Here is the thread, I’m converting the answer from: https://stackoverflow.com/questions/51483021/get-3d-coordinates-of-vertices-of-rotated-and-scaled-cuboid-with-scale-center-p
Just use the Corners in Local-Space and apply the same Matrix to them as you do for the cuboid? You’d have a matrix for the cuboid for rendering I guess
Vector3.Transform(Matrix)
How do I obtain said Matrix? Do I create a Rotation Matrix, Translation Matrix ans Scale Matrix and multiply them together? Then I calculate the x,y,z coordinates as it’s done from the loop?
I don’t really understand your problem I think, because in order to render that cube (in 3D) you’d need a Transform-Matrix anyway to pass to the Renderer or do you use some other type of displaying?
You can always recreate the code in the sample like so:
Matrix.CreateTranslation(pos) * Matrix.CreateScale(scale) * Matrix.CreateRotationX(rad) … … … etc
passing this to Vector3.Transform(corner, matrix) will get you the transformed positions
Ok, that’s all I wanted. And do the rotations have to be in radians?

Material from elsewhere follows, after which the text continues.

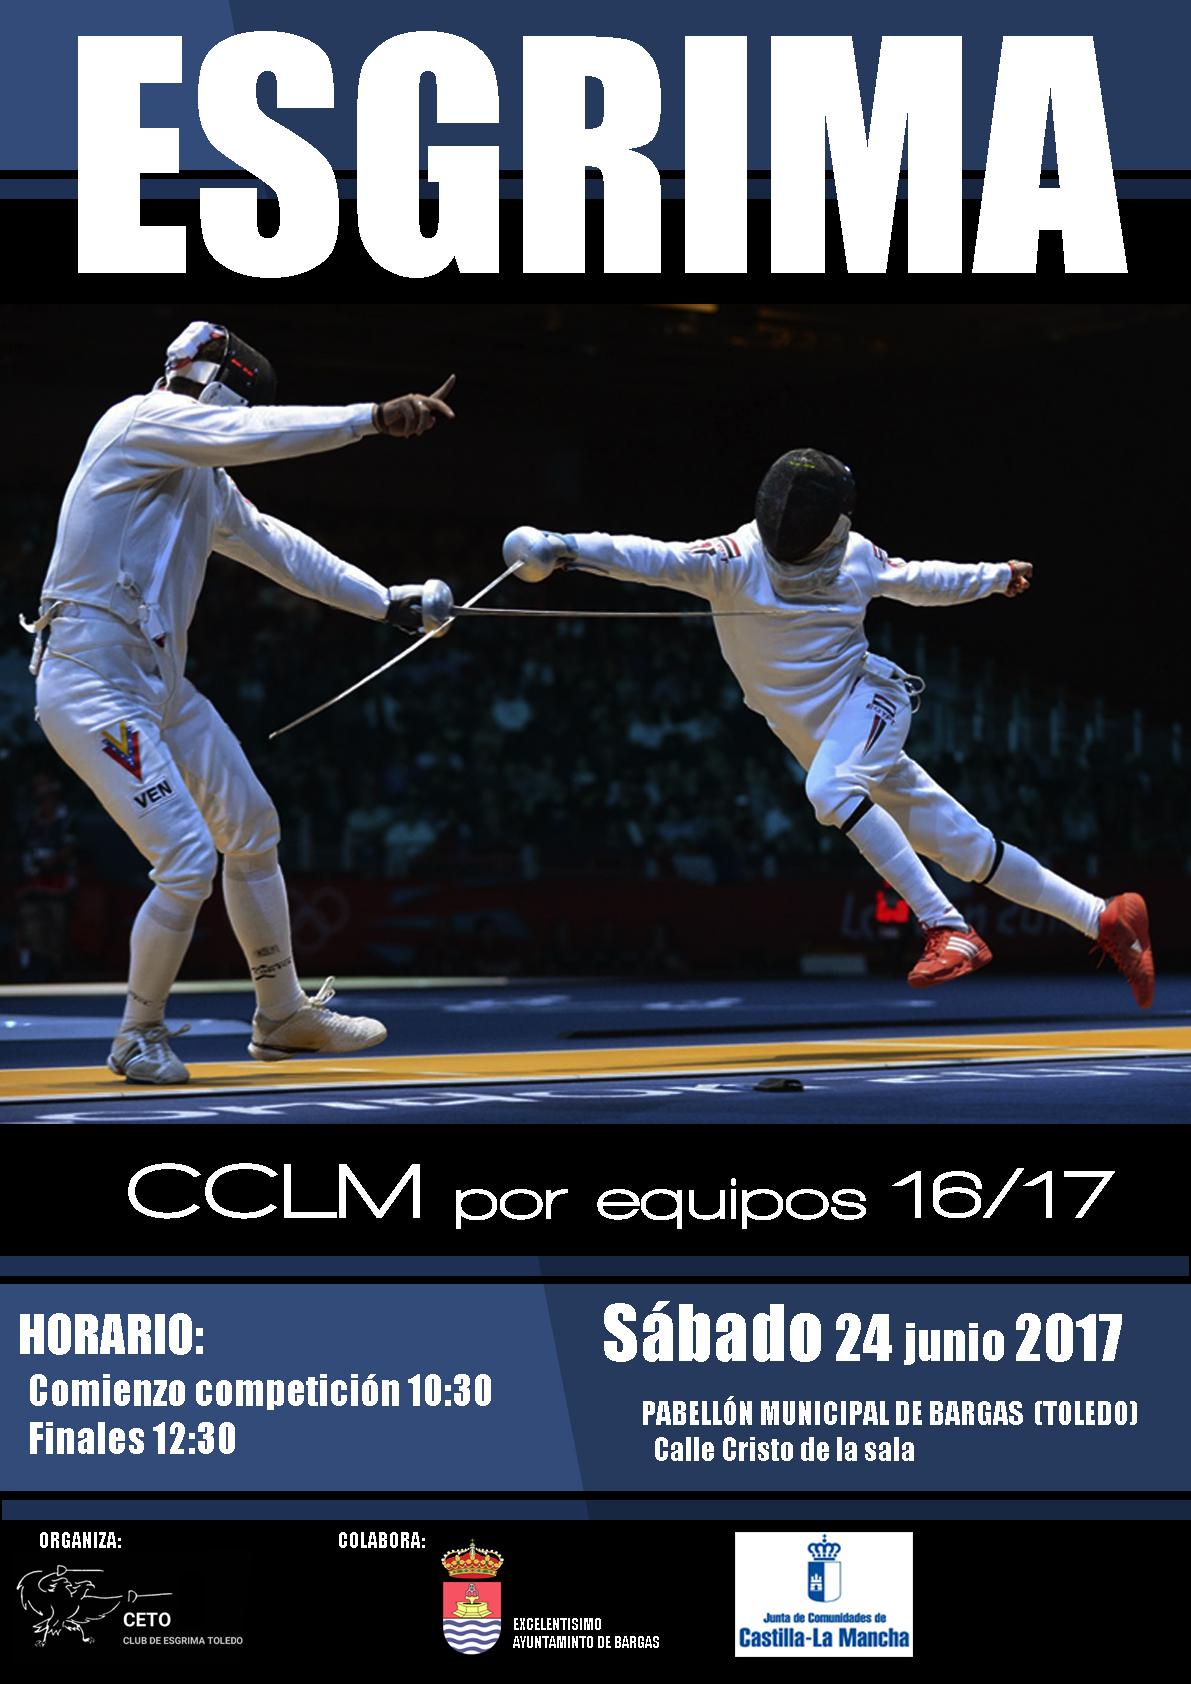 Campeonato Regional de Esgrima por equipos

yes - you can use MathHelper.ToRadians to convert from degrees
My values are broken. Here’s my code:
Generating the Cube:
Voxel tmp = new Voxel();
tmp.Position = new Vector3(32, 64, 32);
tmp.Rotation = new Vector3(45, 90, 45);
tmp.Scale = new Vector3(5, 2, 1);
tmp.BuildMesh();
The Voxel Class:
public class Voxel
{
public Vector3 Position = new Vector3(1, 1, 1);
public Vector3 Rotation = new Vector3(0, 0, 0);
public Vector3 Scale = new Vector3(1, 1, 1);
public void BuildMesh()
{
List<VertexPositionNormalTexture> vertices = new List<VertexPositionNormalTexture>();
/* Cuboid center position */
float px = 10, py = 0, pz = 0;
/* Euler angles around x, y and z */
float ax = 0, ay = 0, az = (float)Math.PI / 2.0f;
/* Scale factor for x, y und z */
float sx = 1, sy = 3, sz = 1;
/* Build transformation matrix */
Matrix m = new Matrix();
Matrix pos = Matrix.CreateTranslation(Position.X, Position.Y, Position.Z); // <- translate to position
Matrix rot = Matrix.CreateRotationX(MathHelper.ToRadians(Rotation.X)); // <- rotation about x
rot *= Matrix.CreateRotationY(MathHelper.ToRadians(Rotation.Y)); // <- rotation about y
rot *= Matrix.CreateRotationZ(MathHelper.ToRadians(Rotation.Z)); // <- rotation about z
Matrix scl = Matrix.CreateScale(Scale.X, Scale.Y, Scale.Z); // <- scale
/* Compute cube corners and print them */
m = pos * rot * scl;
Vector3[] corners = new Vector3[8];
for (int i = 0; i < corners.Length; i++)
{
int x = i % 2 * 2 - 1;
int y = i / 2 % 2 * 2 - 1;
int z = i / 4 % 2 * 2 - 1;
corners[i] = Vector3.Transform(new Vector3(x, y, z), m);
Console.WriteLine(string.Format(
"Corner ({0}, {1}, {2}) = {3}",
x, y, z, corners[i]));
}
}
}
Console Output:
Corner (-1, -1, -1) = {X:155 Y:126 Z:-31}
Corner (1, -1, -1) = {X:155 Y:126 Z:-33}
Corner (-1, 1, -1) = {X:155 Y:130 Z:-31}
Corner (1, 1, -1) = {X:155 Y:130 Z:-33}
Corner (-1, -1, 1) = {X:165 Y:126 Z:-31}
Corner (1, -1, 1) = {X:165 Y:126 Z:-33}
Corner (-1, 1, 1) = {X:165 Y:130 Z:-31}
Corner (1, 1, 1) = {X:165 Y:130 Z:-33}